In Europe many of the 33k MSPs will go out of business as the large vendors – old and new – launch their own public Clouds. NetApp – like Dell – doesn’t compete against them as it has no regional data centres of its own. However it needs to be agile in meeting their needs, making sure that its Enterprise users value its offerings enough to seek out NetApp-powered MSPs when turning to the Cloud. It also needs to provide a rationale for ISVs to continue to support its arrays and software as their software and licensing regimes shift into SaaS models.

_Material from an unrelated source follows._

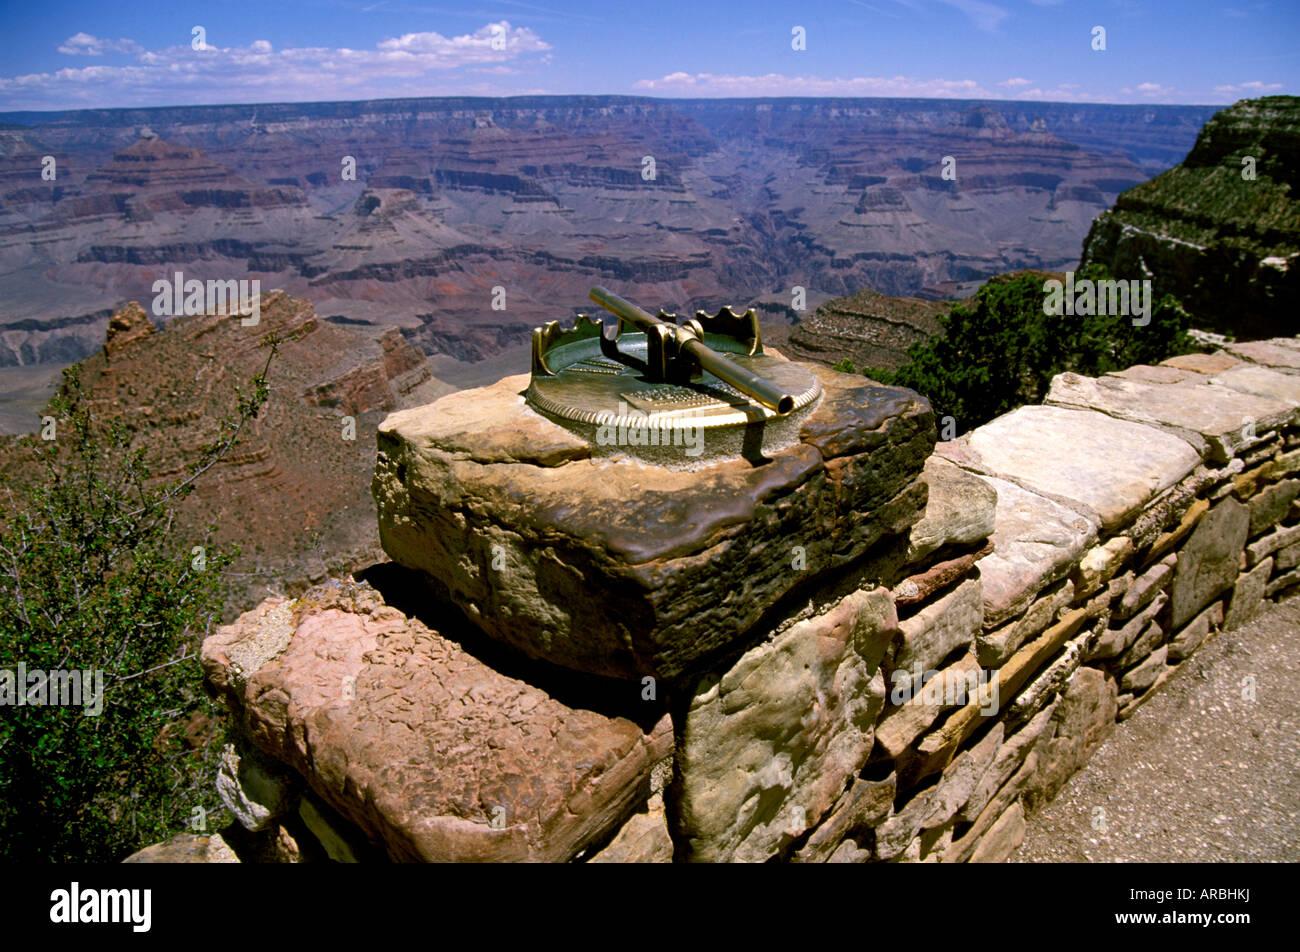 AZ Grand Canyon National Park Arizona sighting instrument at the South Rim erosion cliffs geology rocks arid Colorado - Stock Image

Some Conclusions – It’s not What, but When with Cloud

storageThe conference demonstrated NetApp’s shift in focus towards the Cloud and was an excellent opportunity to discuss the current state of play with a number of customers, MSPs and analysts. For me there are a few key messages I’d like to pass on. In particular:

  • CIOs should not be afraid to embrace the use of public and hybrid Clouds. Like the 2 customers on our panel they need to focus on understanding which applications are core and outsource those that are not
  • CIOs, vendors and MSPs need to keep abreast of changing legislation – especially in the EU, where its seems likely that country-specific data jurisdiction laws will be relaxed, opening up a wider continental business
  • Most of the barriers to Cloud adoption are now about cost, culture and politics rather than technology – although we need storage experts like NetApp to focus on getting the elephants to race effectively

I’ve been impressed with NetApp and its ability to shift emphasis as the market changes. It succeeded to move from a horizontal to integrated approach through its partnership with Cisco and VMware for Flexpod, which now have over 2,400 customers worldwide. For around 5 years Cloud Computing has promised to be the next step in IT and its most important since the introduction of Client/Server computing in the early 1990s. It’s no longer a question of what it is, but when it’s going to be adopted that will make a break supplier fortunes. 2014 is proving to be a critical year and NetApp seems keen to take advantage.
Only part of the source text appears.